DATASET CONTENT:
==================================================
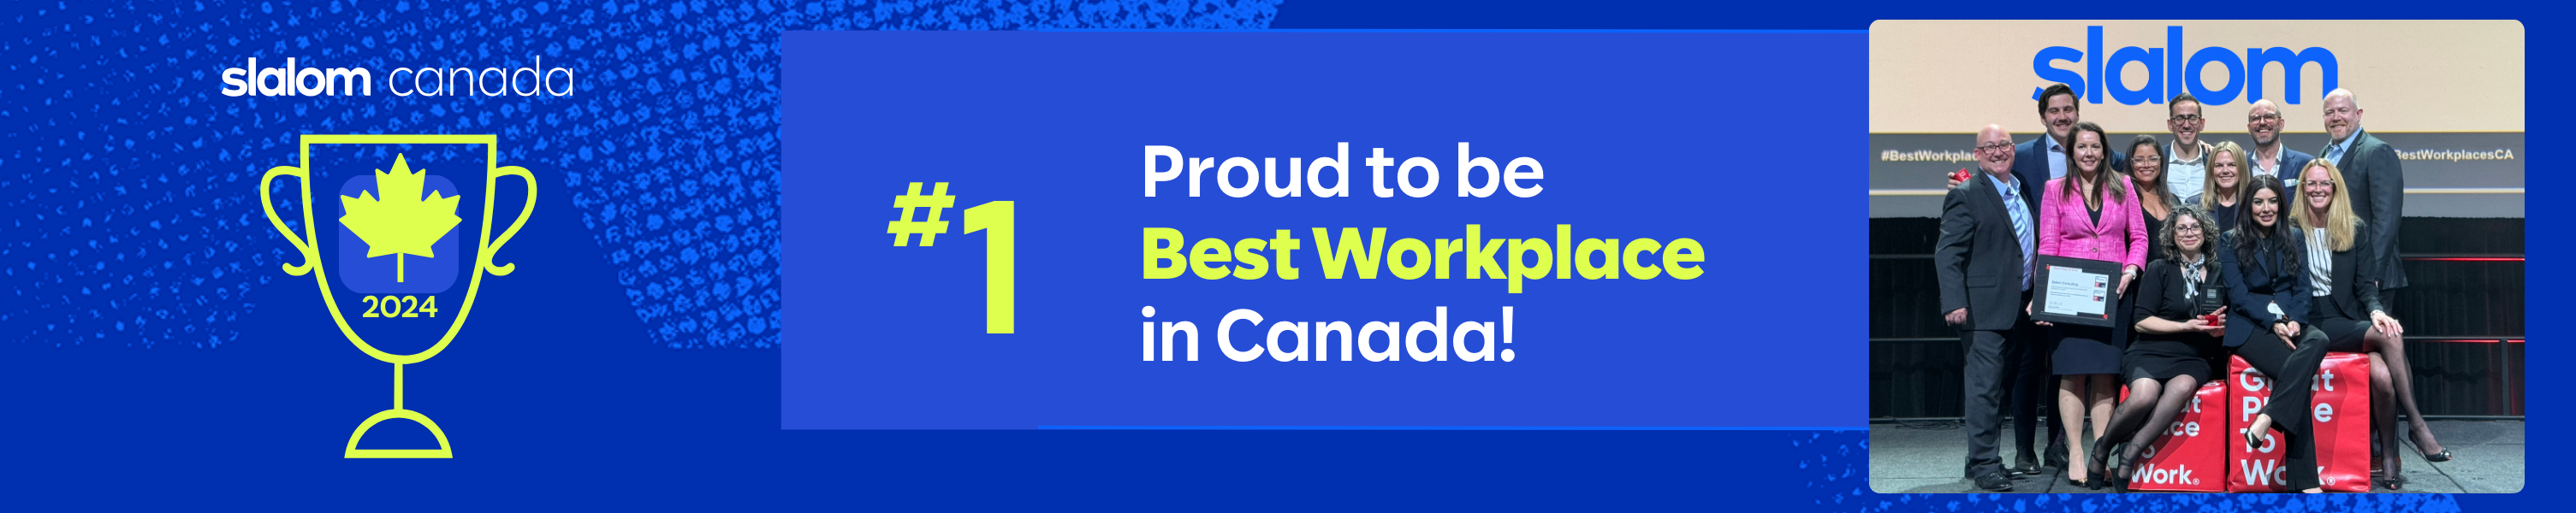 Best Workplace in Canada 2024 (1920 x 1080 px) (3010 x 600 px) - SUSIE FAV W/ PIC
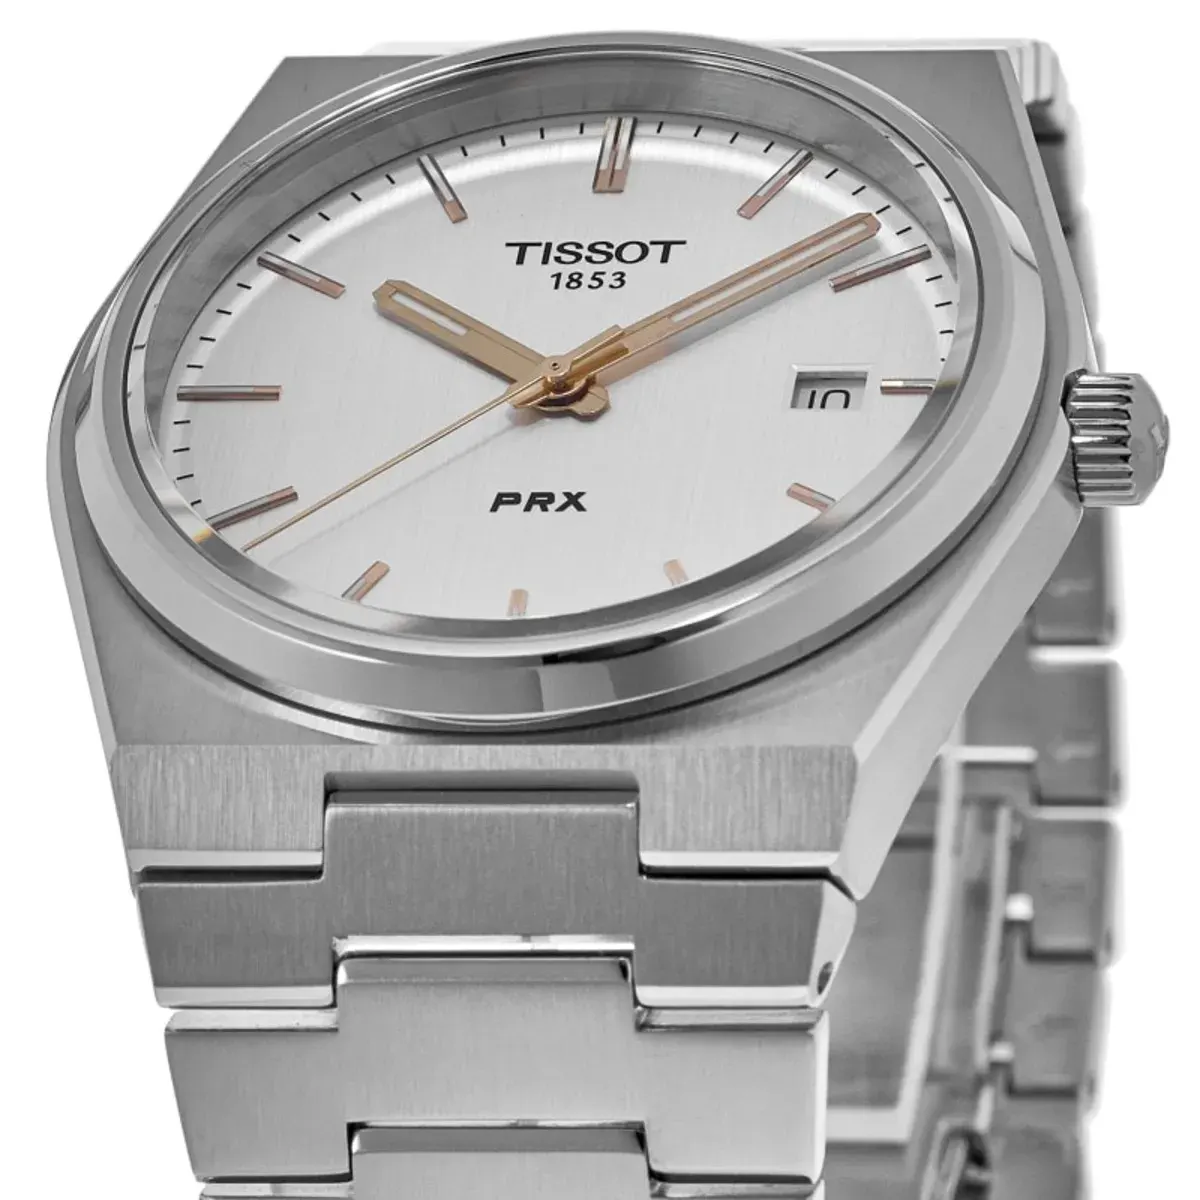 Tissot Women's Watch, Analog, Stainless Steel Strap, Silver, T137-210-11-031
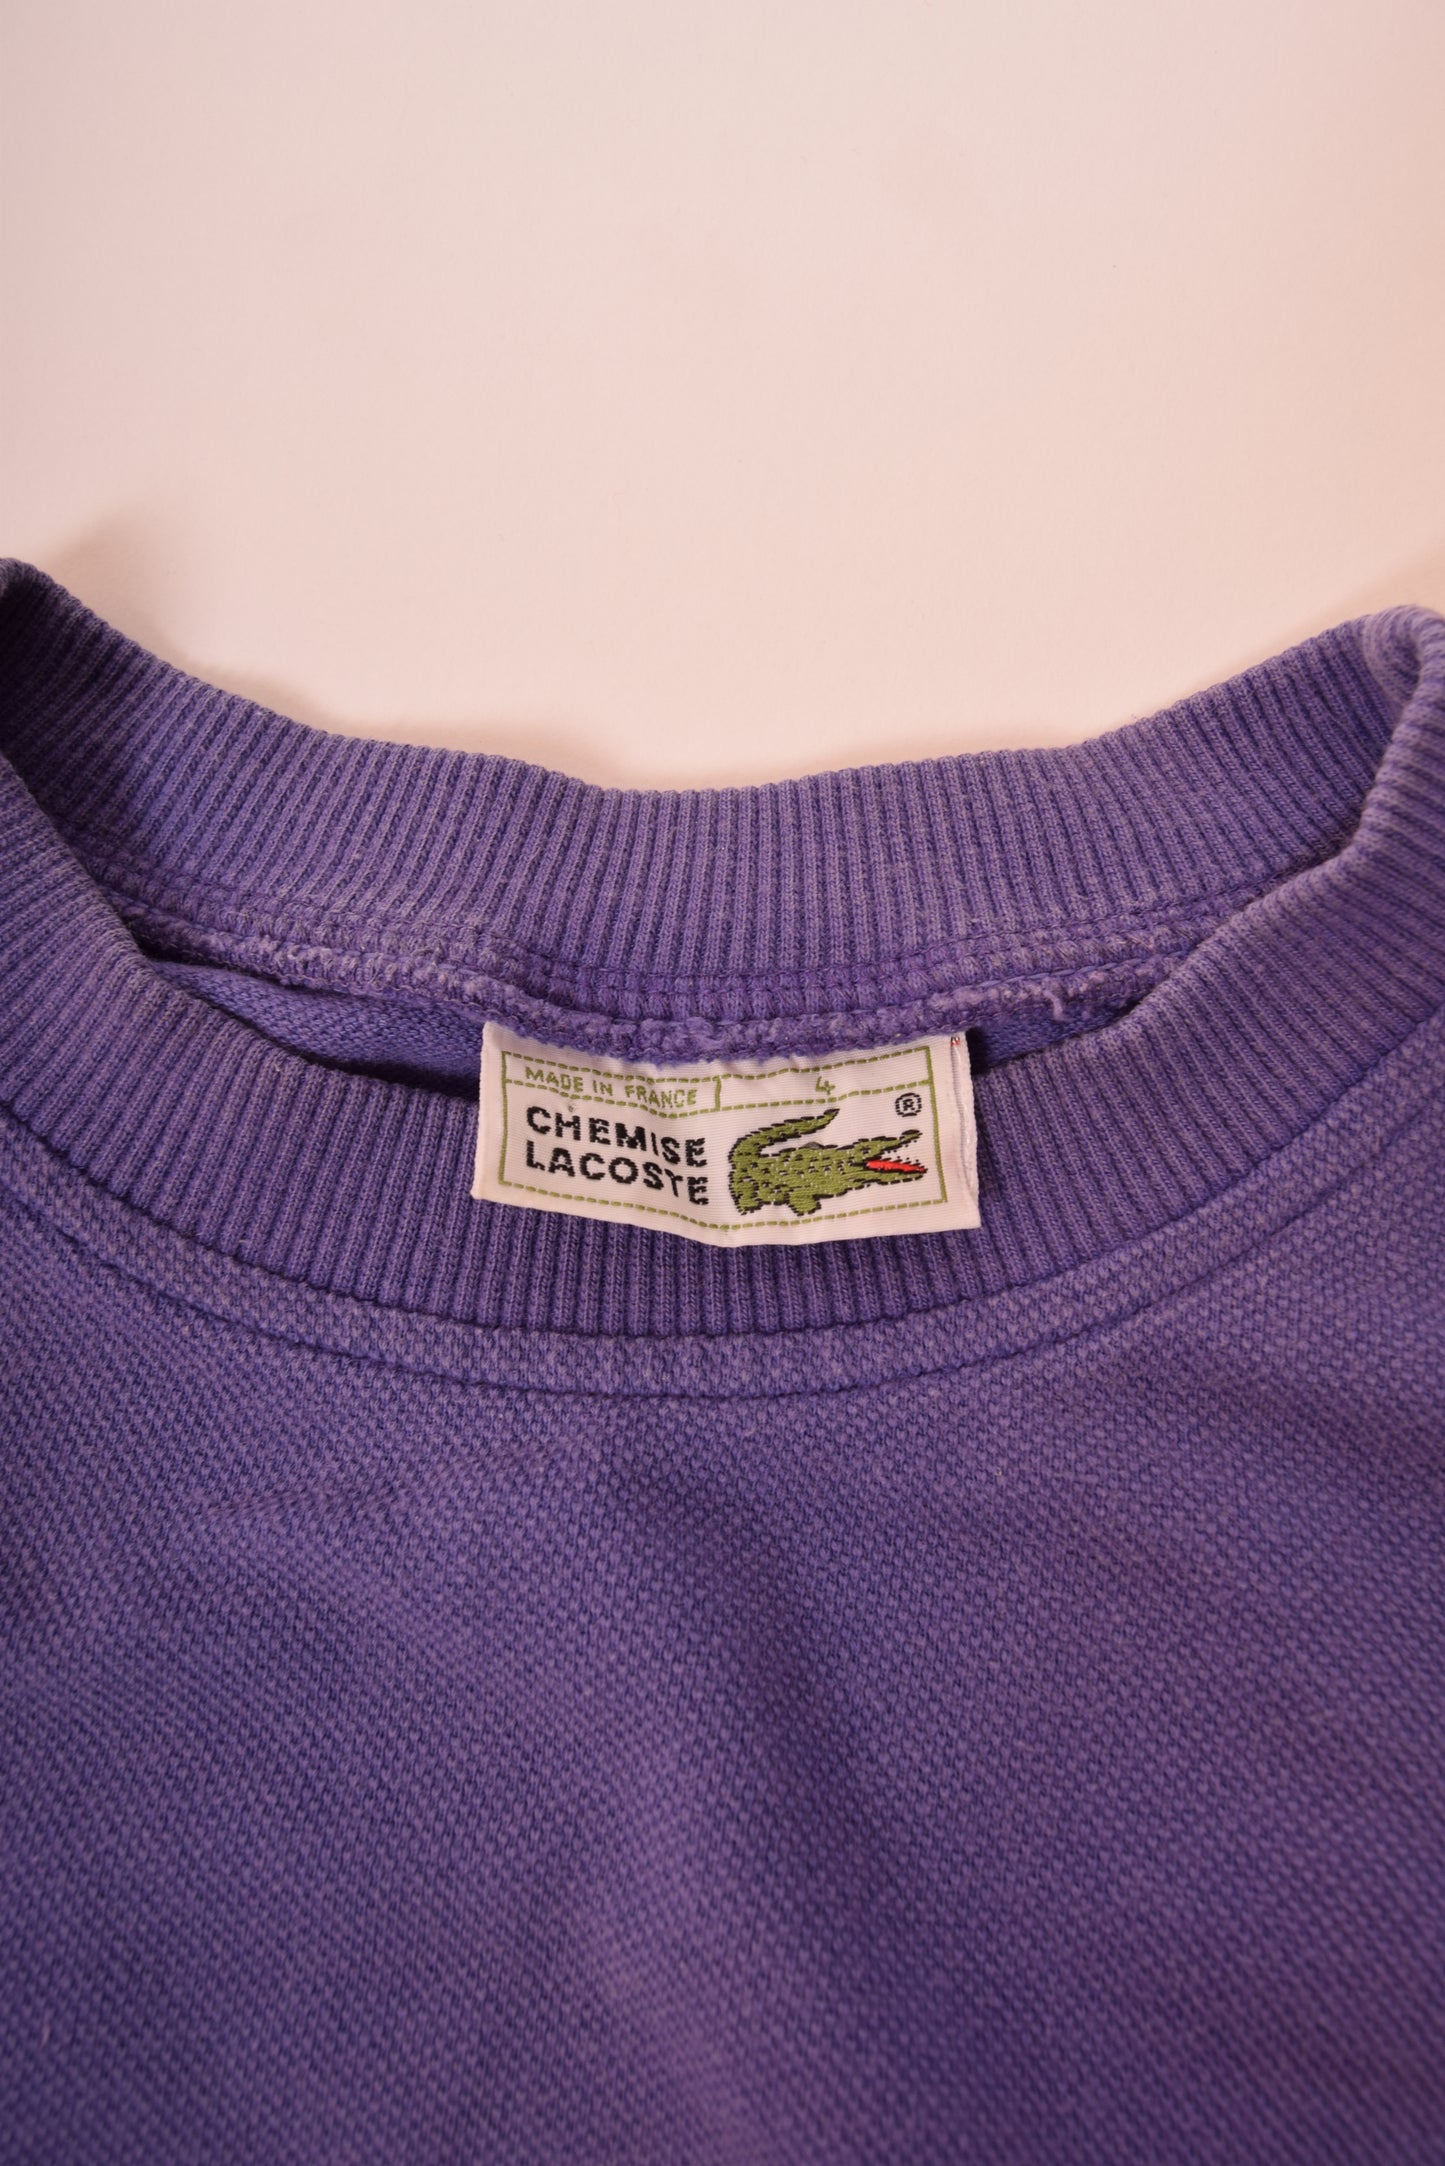 Vintage Lacoste Sweatshirt 80's Made in France Golf Purple
==================================================
TRY IT:
Beginning at the line with "Tissot Women's Watch, Analog, Stainless" and ending at the last line of the listing above, retype each line exactly, including those two lines. Leave the pictures out.

FINAL ANSWER:
 Tissot Women's Watch, Analog, Stainless Steel Strap, Silver, T137-210-11-031
 Vintage Lacoste Sweatshirt 80's Made in France Golf Purple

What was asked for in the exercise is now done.